Tableau 1. Propension (paramètres ß) à ne pas avoir réalisé son projet de fécondité pour les personnes qui souhaitaient un enfant dans les trois ans (modèle logit généralisé)

Champ : personnes ayant en 2005 l’intention d’avoir un enfant dans les trois ans (oui et oui probablement). Lecture (exemple colonne a) : un paramètre ß positif (resp. négatif) et statistiquement significatif indique que l’on est en présence d’un facteur qui augmente (resp. diminue) la probabilité de ne pas avoir eu d’enfant entre 2005 et 2011 plutôt que d’en avoir eu un entre 2005 et 2008 (référence), toutes choses égales par ailleurs. Plus la valeur de ce paramètre s’éloigne de 0 et plus l’impact de ce facteur est important. Légende : Réf. = situation de référence ; ★★★ = significatif à 1 % ; ★★ = à 5 % ; ★ = à 10 % ; sans ★ = non significatif.

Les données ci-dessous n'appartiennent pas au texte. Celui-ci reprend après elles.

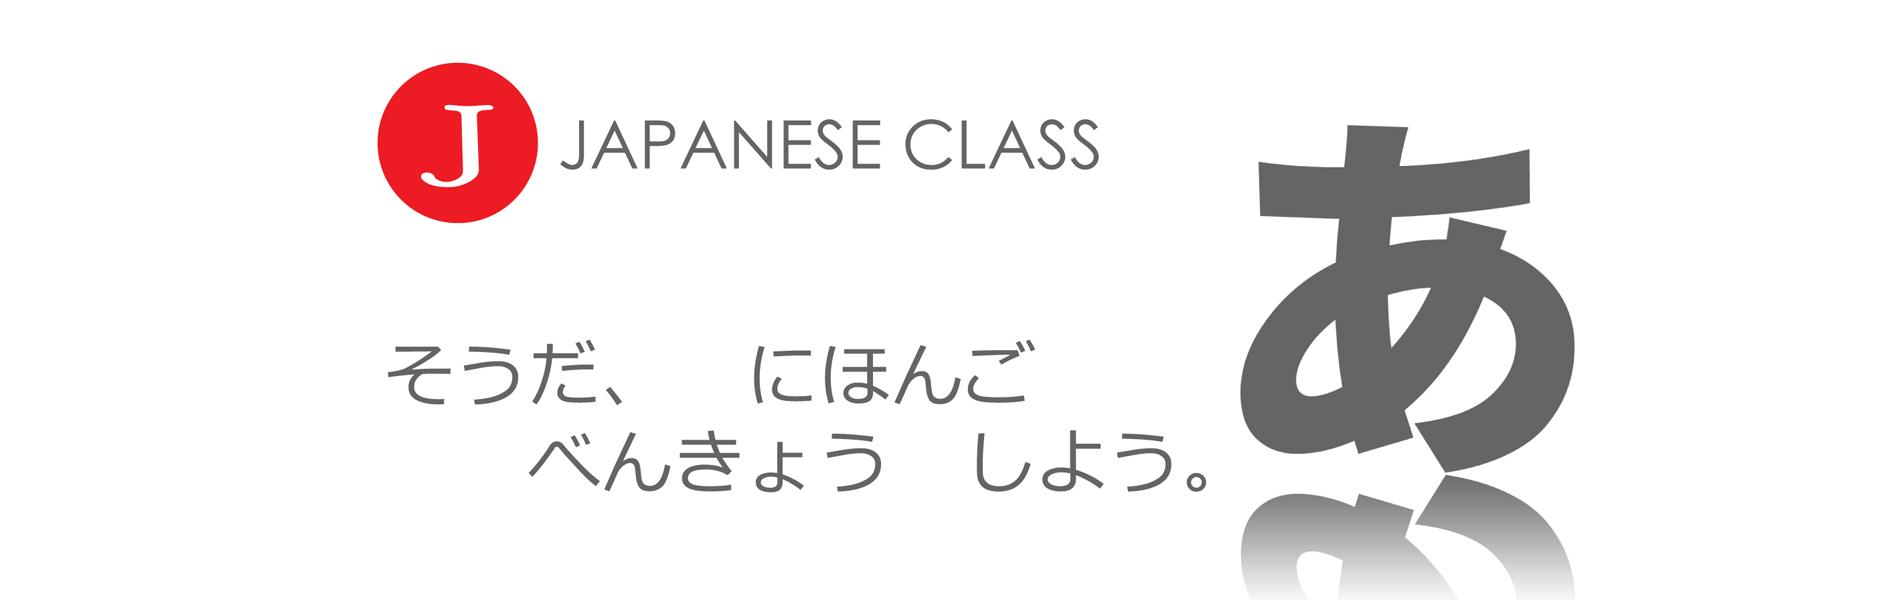 JAPANESE CLASS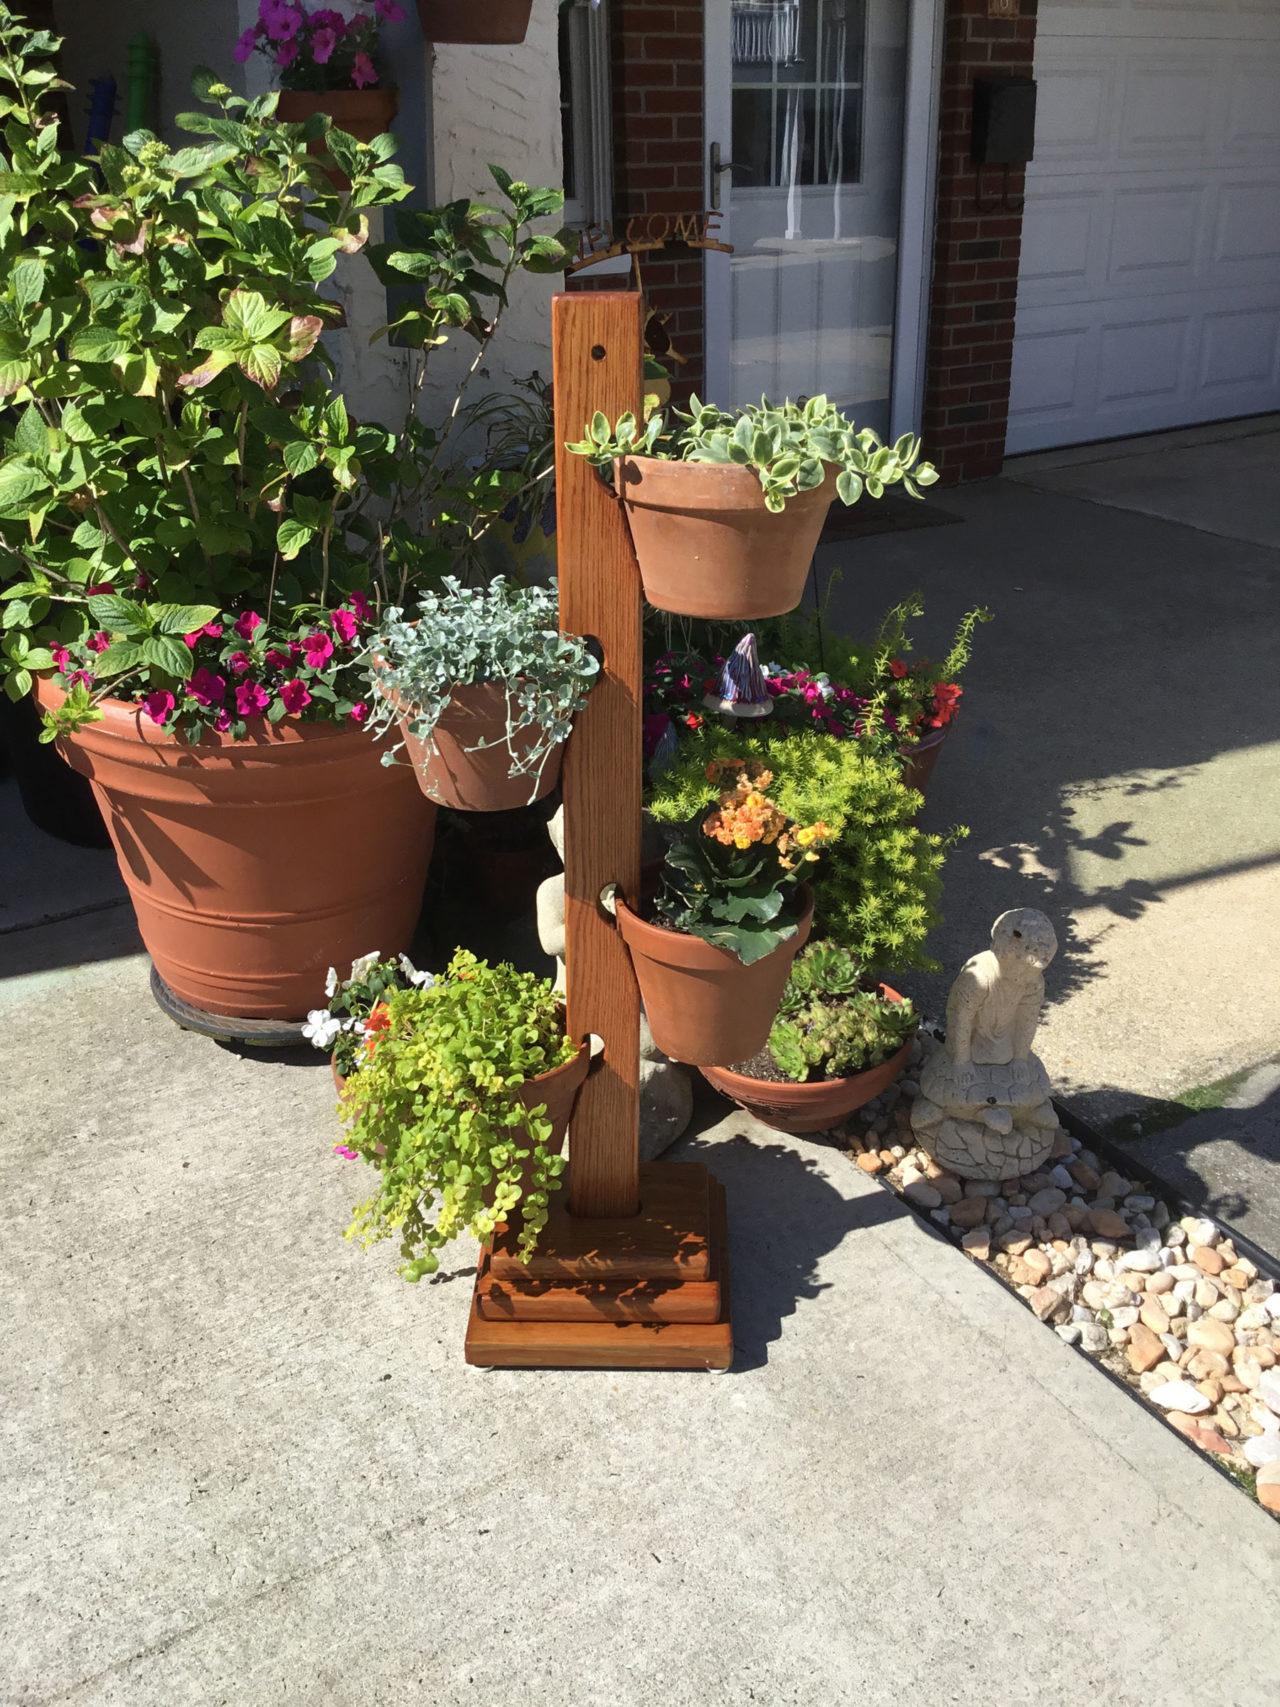 Clarizas-Clay-Pot-Swings-1

23Source : Érfi-GGS123, Ined-Insee, 2005-2008-2011.Par rapport au fait d’avoir conçu un enfant dans les trois ans, les caractéristiques des personnes ayant ajourné leur projet (tableau 1, modèle b) diffèrent sensiblement de celles n’ayant pas du tout eu d’enfant sur la période (tableau 1, modèle a). En premier lieu, la probabilité de ne pas avoir eu d’enfant entre 2005 et 2011 augmente sensiblement avec l’avancée en âge, peut-être en partie à cause de la baisse de la fertilité avec l’âge, de même qu’avec le nombre d’enfants déjà eus (moins de chances d’avoir eu un enfant pour les parents en ayant déjà au moins deux), toutes choses égales par ailleurs. Les personnes les moins diplômées ont également une probabilité accrue de ne pas avoir d’enfant sur la période, confirmant une moindre anticipation de leurs propres comportements, déjà relevée dans l’enquête Intentions de fécondité 1998-2003 (Toulemon et Testa, 2005). Par rapport aux personnes en couple avec le même partenaire en 2005 et en 2008, celles s’étant séparées dans l’intervalle et, plus encore, celles qui n’étaient pas en couple en 2005 ni en 2008 ont davantage de risques de ne pas avoir eu d’enfant. En revanche, toutes choses égales par ailleurs, la modélisation confirme l’absence d’effet du statut matrimonial déjà relevé en figure 3. Enfin, l’origine géographique joue un rôle sur la propension à ne pas réaliser son projet de fécondité. Les immigrés se distinguent ainsi par une probabilité plus faible de ne pas avoir eu d’enfant sur la période.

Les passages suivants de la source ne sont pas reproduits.